Work to be completed: From the first line of the listing to the last, set down everything exactly, but skip the images.

Information provided:
---*---

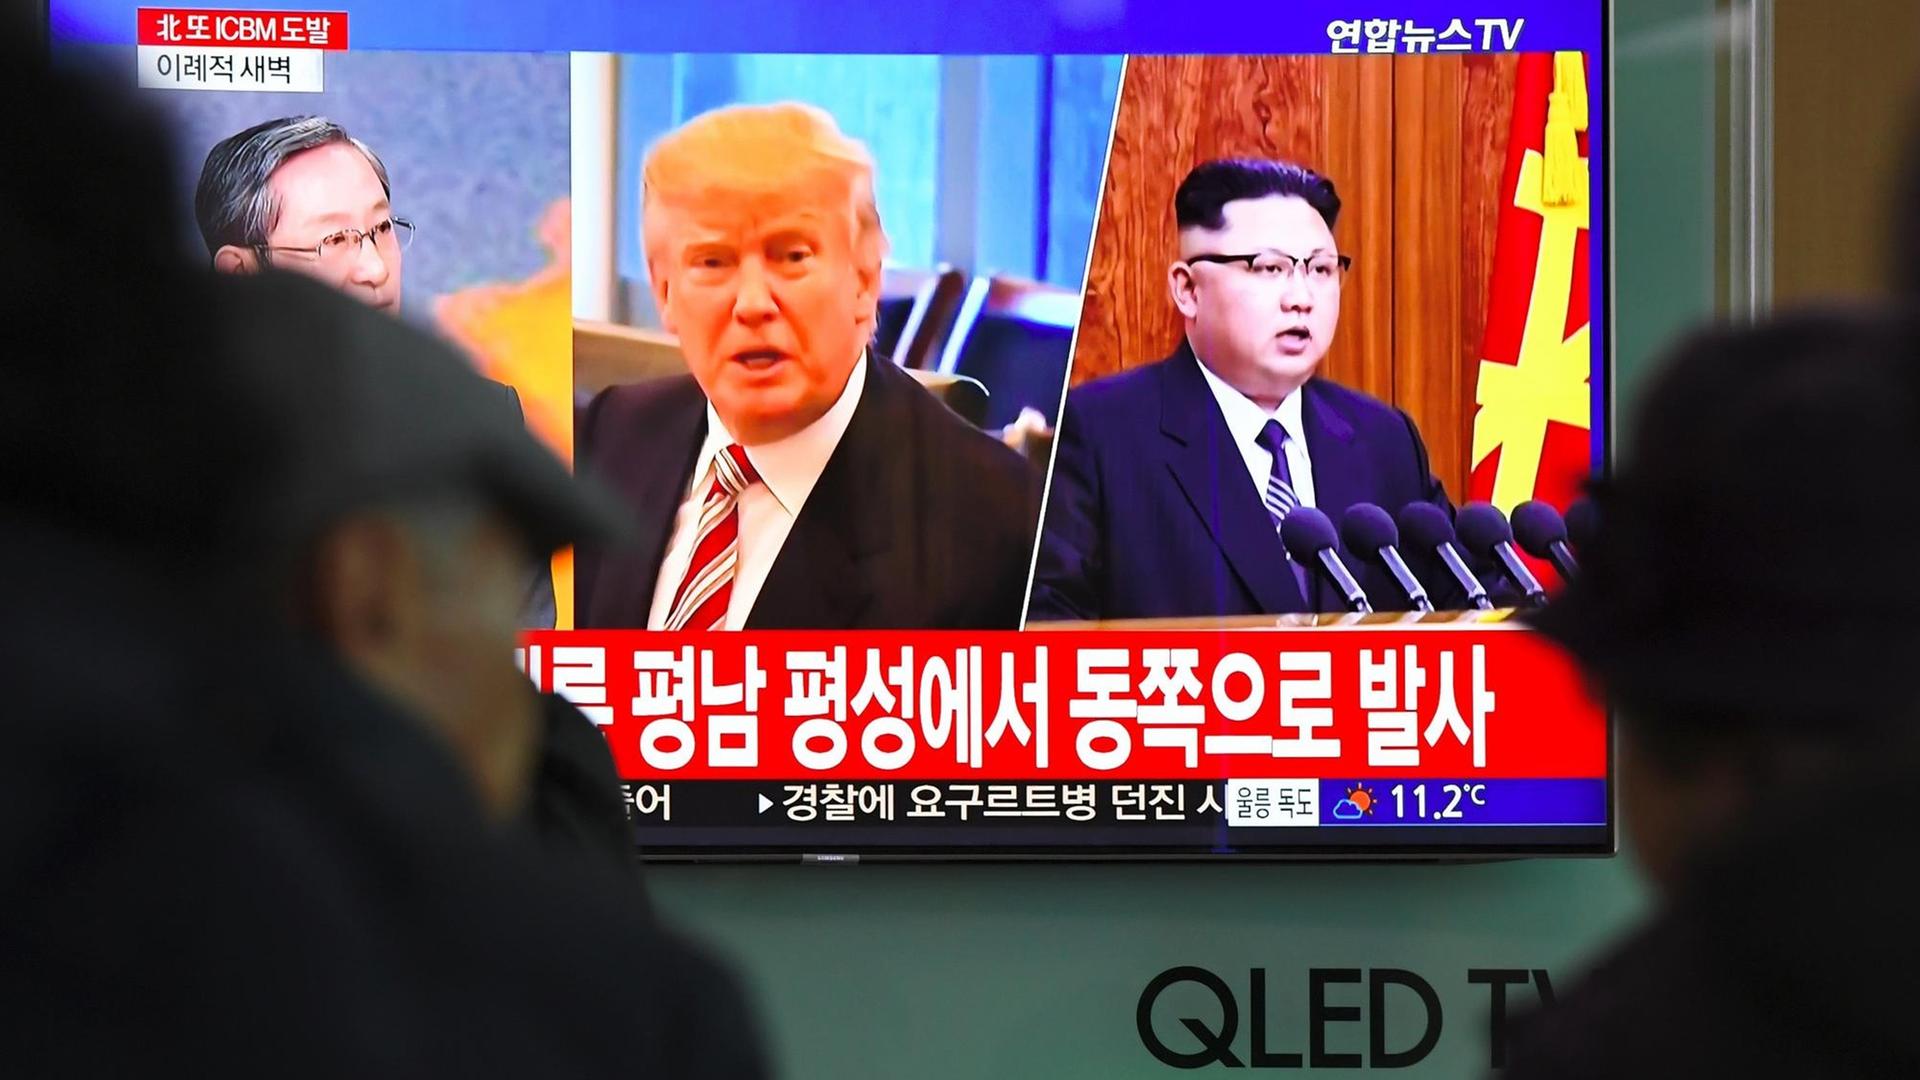 In einer Bahnstation in Seoul in Südkorea stehen Menschen vor einem TV-Bildschirm, auf dem US-Präsident Donald Trump und Nordkoreas Machthaber Kim Jong-Un zu sehen sind.
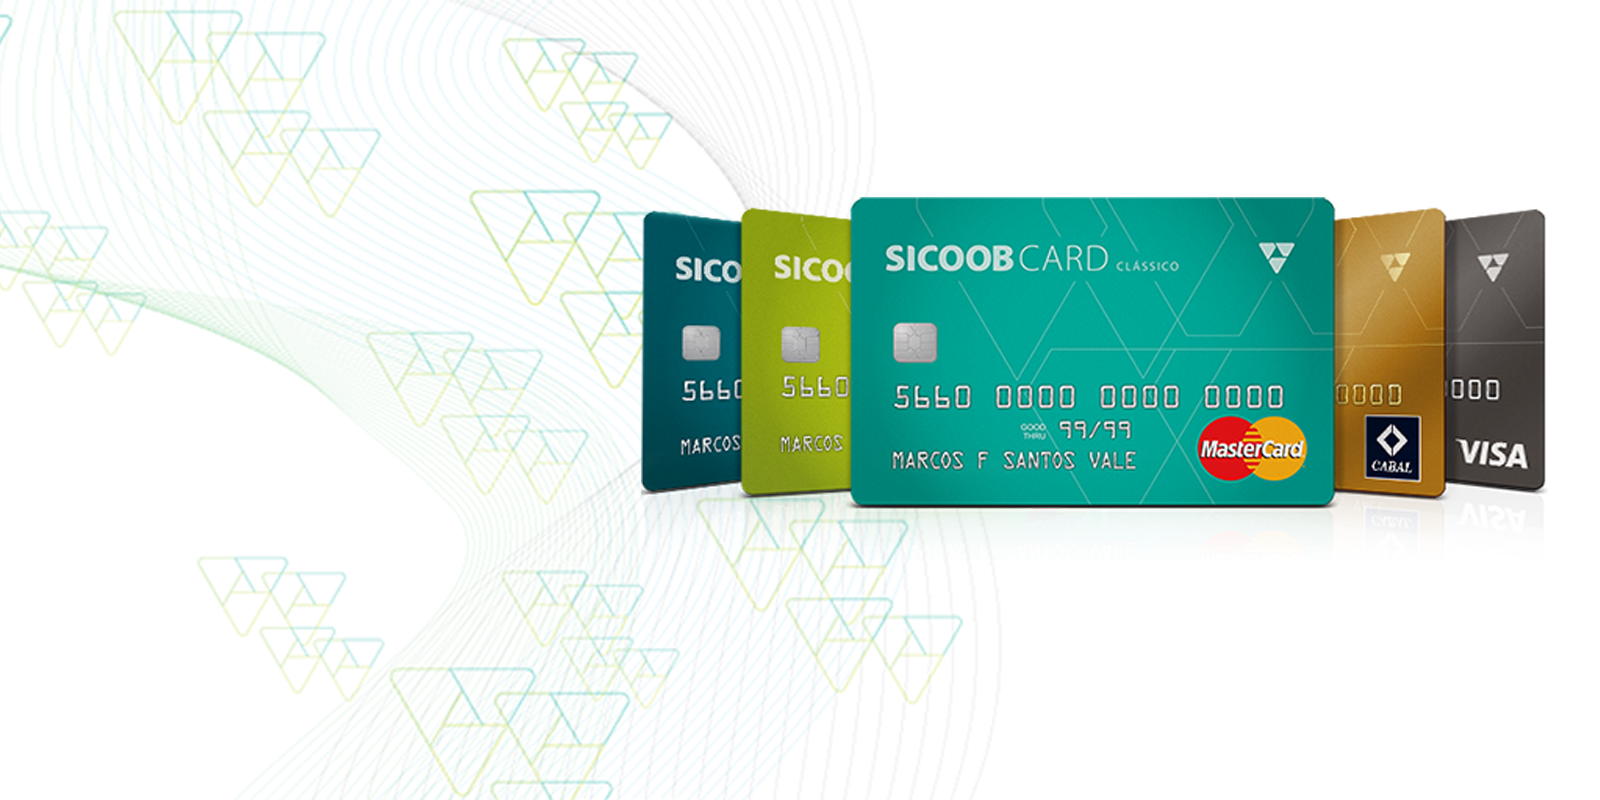 O Sicoob Mastercard é aceito em milhões de estabelecimentos em todo o mundo
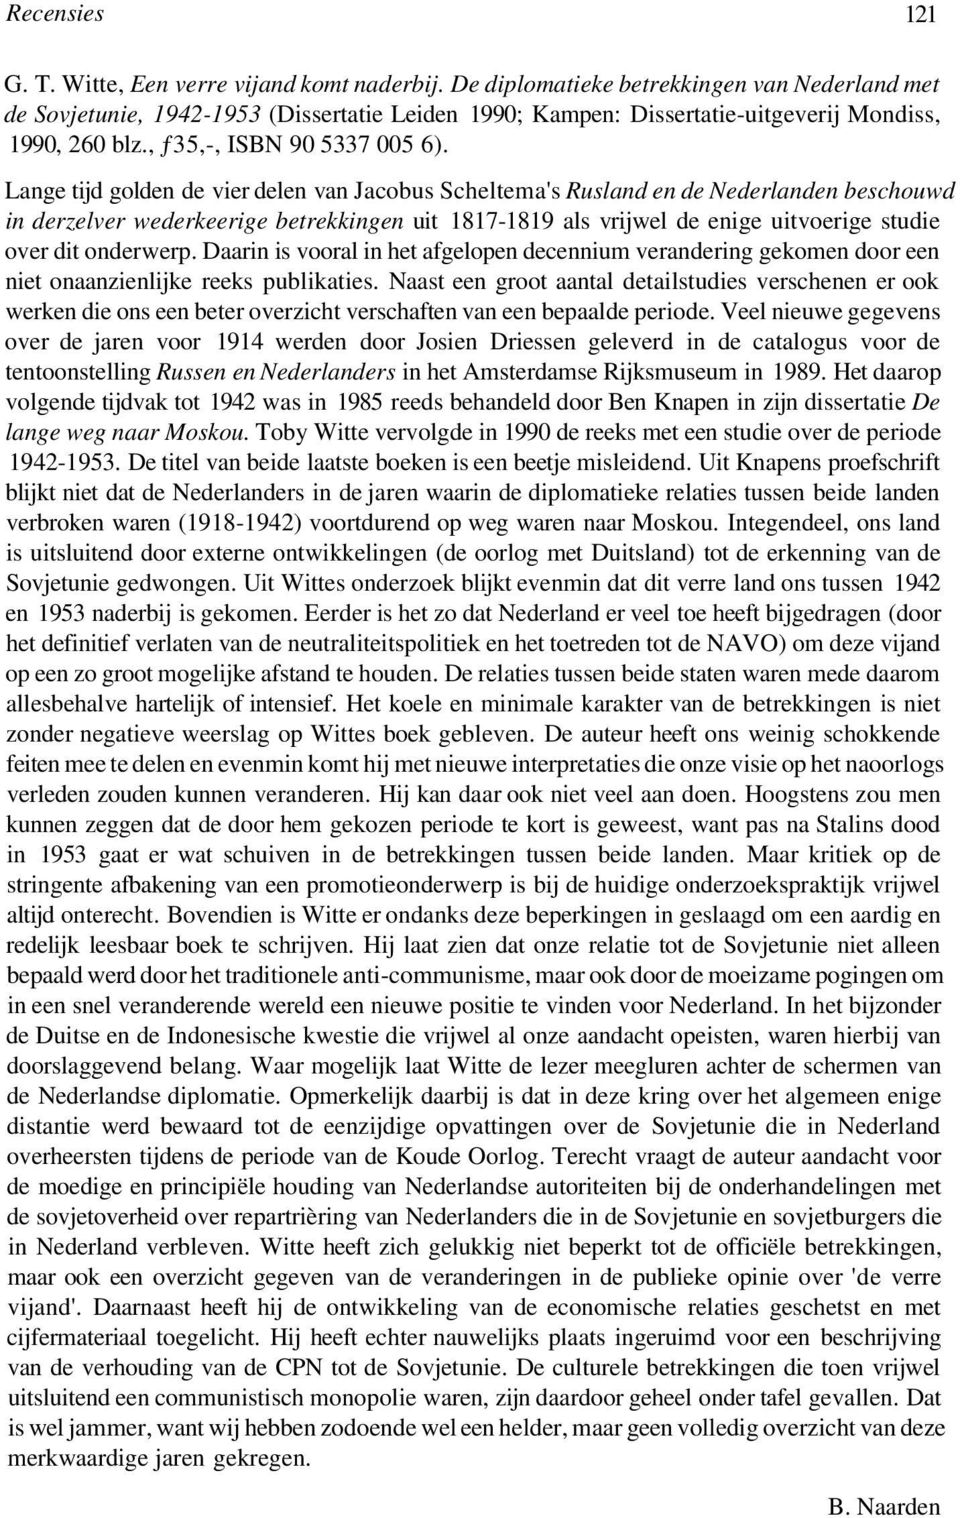 Lange tijd golden de vier delen van Jacobus Scheltema's Rusland en de Nederlanden beschouwd in derzelver wederkeerige betrekkingen uit 1817-1819 als vrijwel de enige uitvoerige studie over dit

---*---

Task output:
 In einer Bahnstation in Seoul in Südkorea stehen Menschen vor einem TV-Bildschirm, auf dem US-Präsident Donald Trump und Nordkoreas Machthaber Kim Jong-Un zu sehen sind.
 O Sicoob Mastercard é aceito em milhões de estabelecimentos em todo o mundo
 Lange tijd golden de vier delen van Jacobus Scheltema's Rusland en de Nederlanden beschouwd in derzelver wederkeerige betrekkingen uit 1817-1819 als vrijwel de enige uitvoerige studie over dit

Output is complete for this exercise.